3D-Perception

demo-1

This project main goal is performing a perception pipeline to identify objects using a RGB-D camera in a ROS as well to pick objects using PR2 robotic arms.

The ROS setup environment includes:

Robot
Table arrangement
Three target objects on the table
Dropboxes on either sides of the robot

Project Setup

For this setup, catkin_ws is the name of active ROS Workspace, if your workspace name is different, change the commands accordingly
If you do not have an active ROS workspace, you can create one by:

$ mkdir -p ~/catkin_ws/src
$ cd ~/catkin_ws/
$ catkin_make

Now install missing dependencies using rosdep install:

$ cd ~/catkin_ws
$ rosdep install --from-paths src --ignore-src --rosdistro=kinetic -y

Build the project:

$ cd ~/catkin_ws
$ catkin_make

Add following to your .bashrc file

export GAZEBO_MODEL_PATH=~/catkin_ws/src/RoboND-Perception-Project/pr2_robot/models:$GAZEBO_MODEL_PATH

If you haven’t already, following line can be added to your .bashrc to auto-source all new terminals

source ~/catkin_ws/devel/setup.bash

Usage

To run the the project, you should select first one of three scenarios in pick_place_project.launch file and launchg gazebo as follows:

$ roslaunch pr2_robot pick_place_project.launch

Once Gazebo is up and running, make sure you see following in the gazebo world:

Robot
Table arrangement
Three target objects on the table
Dropboxes on either sides of the robot

Afterwards, to run the pipeline and generate the labels for each object you run the 3dperception.py script:

$ rosrun pr2_robot 3dperception.py

Finally, to generate the data to traing SVM model you should also clone sensor_stick ROS package as follows:

$ cd ~/catkin_ws/src/
$ git clone https://github.com/BrunoEduardoCSantos/3D-Perception/tree/master/sensor_stick
$ cd ~/catkin/
$ catkin_make
$ source devel/setting.bash
$roslaunch sensor_stick training.launch
$rosrun sensor_stick capture_features.py

Implementation

The contributions to this project were developed in the following files:

In the following sections will be addressed the approach taken to:

perform the perception pipeline
generate features to training dataset
train the predictive model

Pipeline to process input data cloud from RGB-D camera

1. Pipeline for filtering and RANSAC plane fitting implemented

During this first stage of input data cloud pre-processing the following filtering processes were applied:

Statistical outlier removal
Voxel grid downsampling
Pass through filtering
Plane fitting using RANSAC

Outliers removal was applied to the cloud due to some points over the objects as we can tell from the initial point cloud.

alt_text

In order to remove the outliers we Gaussian distribution, all points whose mean distances are outside of an interval defined by the global distances mean+standard deviation are considered to be outliers and removed from the point cloud. Since the density was not large, the following parameters were considered to define the statistical outlier removal:

mean_k = 50
std_dev = 0.1

After outlier removal we got point cloud after outliers removal.

alt_text

The next step was applying a reduction of point cloud density to feed the train model later on . For this purpose, it was applied a voxel grid downsampling with the following parameter:

leaf_size = 0.005

After applying this process we obtain voxel grid downsampling result

alt_text

The principal to define the density was based on the minimal amout of points to have a object shape.
The next step was applying filtering on z-axis to remove table and on x-axis to remove dropboxes side bound.
For this purpose the following parameters were applied:

z-axis : min= 0.6 ; max = 1.5
x-axis: min = 0.4 ; max = 2.5

After applying pass through filtering we obtain pass through filter result.

alt_text

The last step is fitting plane to extract objects from point cloud using RANSCAC, with a max_dist = 0.04. The small distance is due to density of objects point cloud.
After this final step we obtain RANSAC segmentation.

alt_text

2. Pipeline including clustering for segmentation implemented.

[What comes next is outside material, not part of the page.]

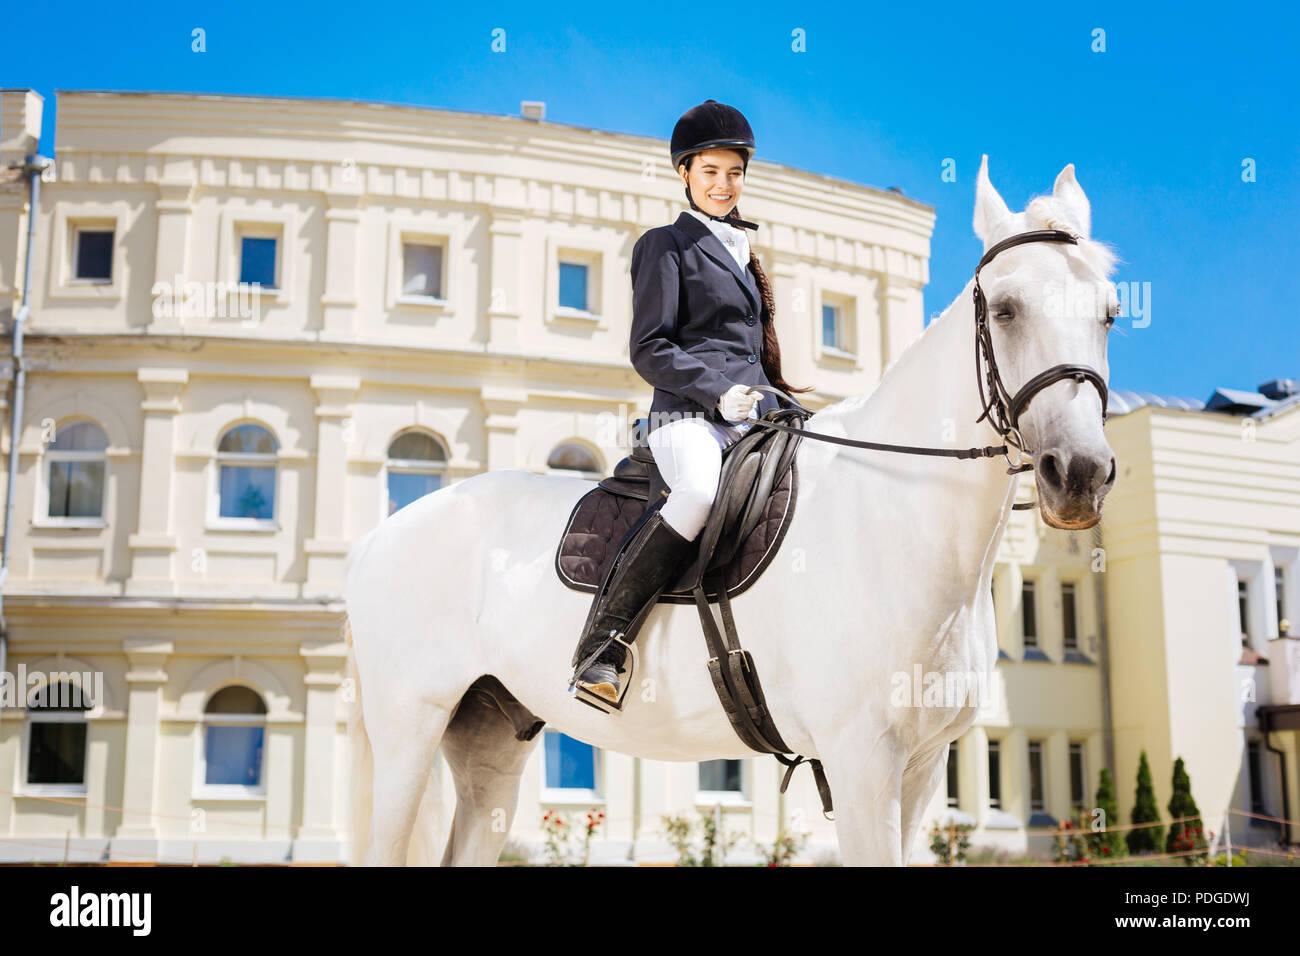 Elegante sanfte Frau reiten ihr weißes Pferd auf Big Race track Stockbild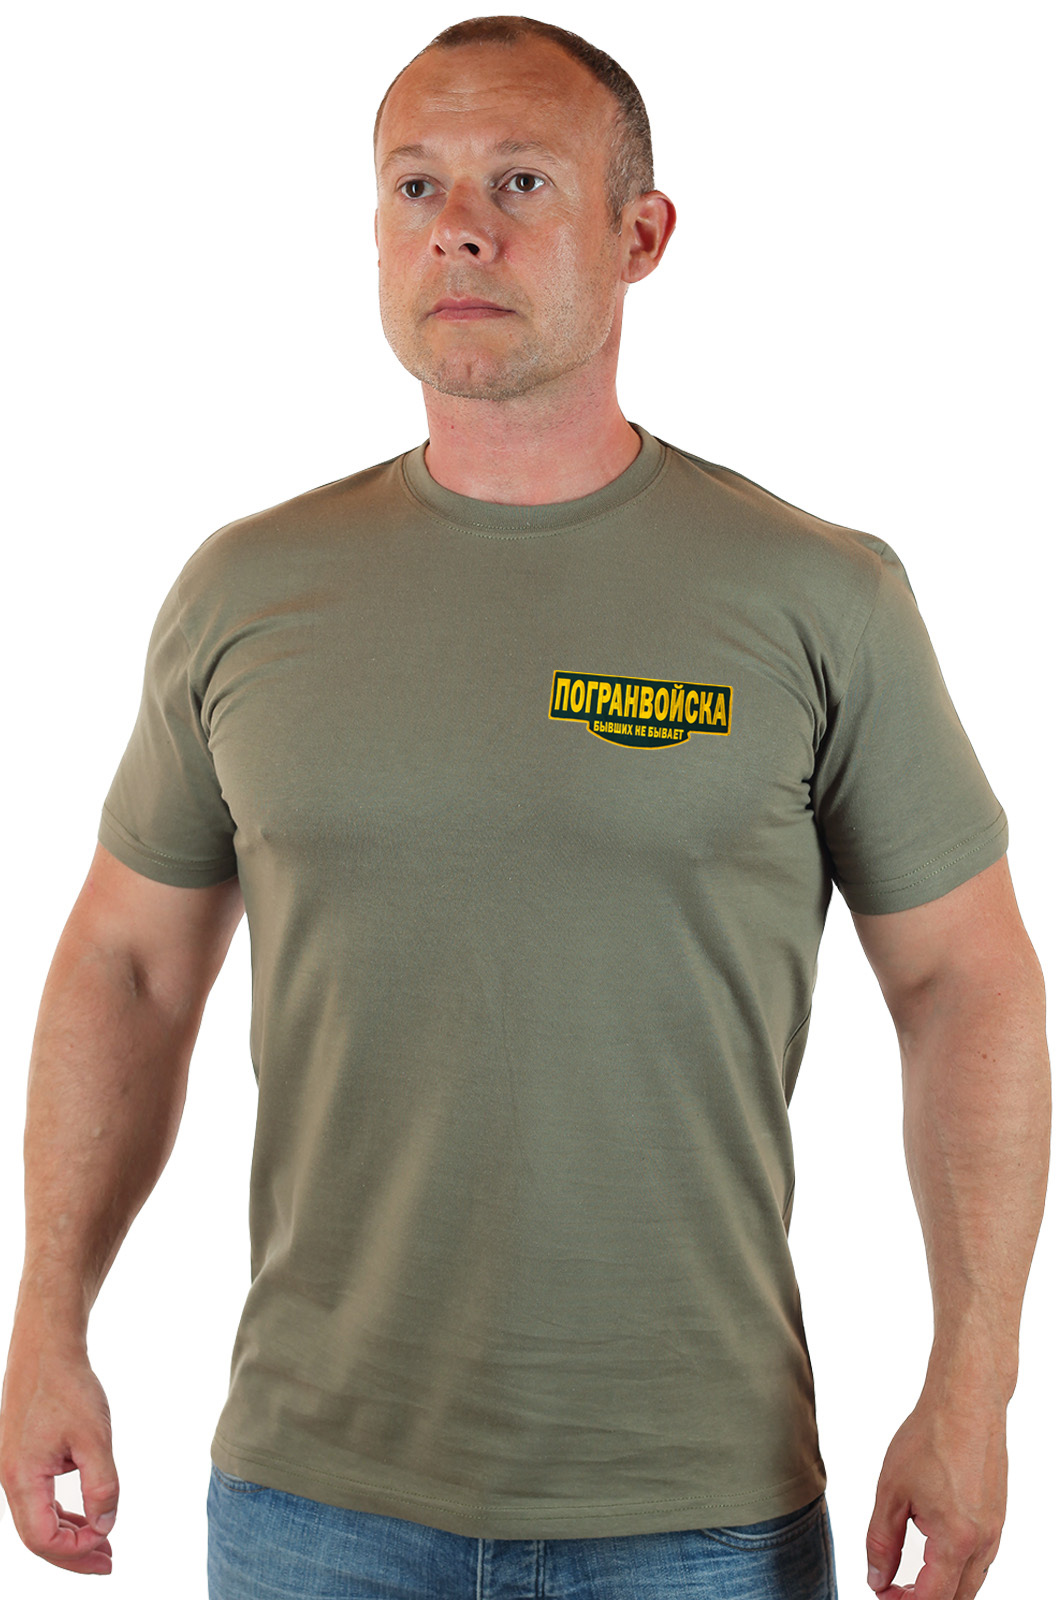 Мужская пограничная футболка с вышивкой

For the purpose of having segmenation of objects on the table it was used a spatial clustering algorithm called Euclidean clustering.
Euclidean clustering is based on a radius around a random point considering a minimum and maximum number of points to cluster a set of points.
Regarding this concept, it was applied Euclidean clustering with the following parameters values:

radius: 0.027
min_cluster_size: 50
max_cluster_size: 2000

After segmentation process we obtain separate objects on the table.

alt_text

2. Features extraction and SVM trained & Object recognition implementation

In order to predict the labels of the point cloud objects we used as features the normals and colors of associated to each point of object point cloud. After having the dataset for each object we train a SVM model to predict the its label. For this purpose a linear kernel with a tradoff parameter C=0.55. Training on our test dataset we obtain the following confusion matrix.

alt_text

Pick and Place Setup

Object recognition for three test scenarios

After obtain our trained model , this one was applied on our pipeline applied to received images being streamed from camera node in ROS.
As a result, we label the objects for the provided test scenarios, i.e., for different objects on the table (test1.world, test2.world, test3.world).

For test1.world we obtained the following labeled objects:

alt_text

For test2.world we obtained:

alt_text

Finally, for test3.world we obtained:

alt_text

Using the existing ros node that communicates with my perception pipeline to perform sequential object recognition, we obtain requests into output_1.yaml, output_2.yaml, and output_3.yaml for each scene respectively.

Disclamer

This project was cloned from Udacity perception project in the context of Robotics Software Engineer nanodegree.

TODO

Create a collision map of objects on toptable
Finetune pick and place trajectory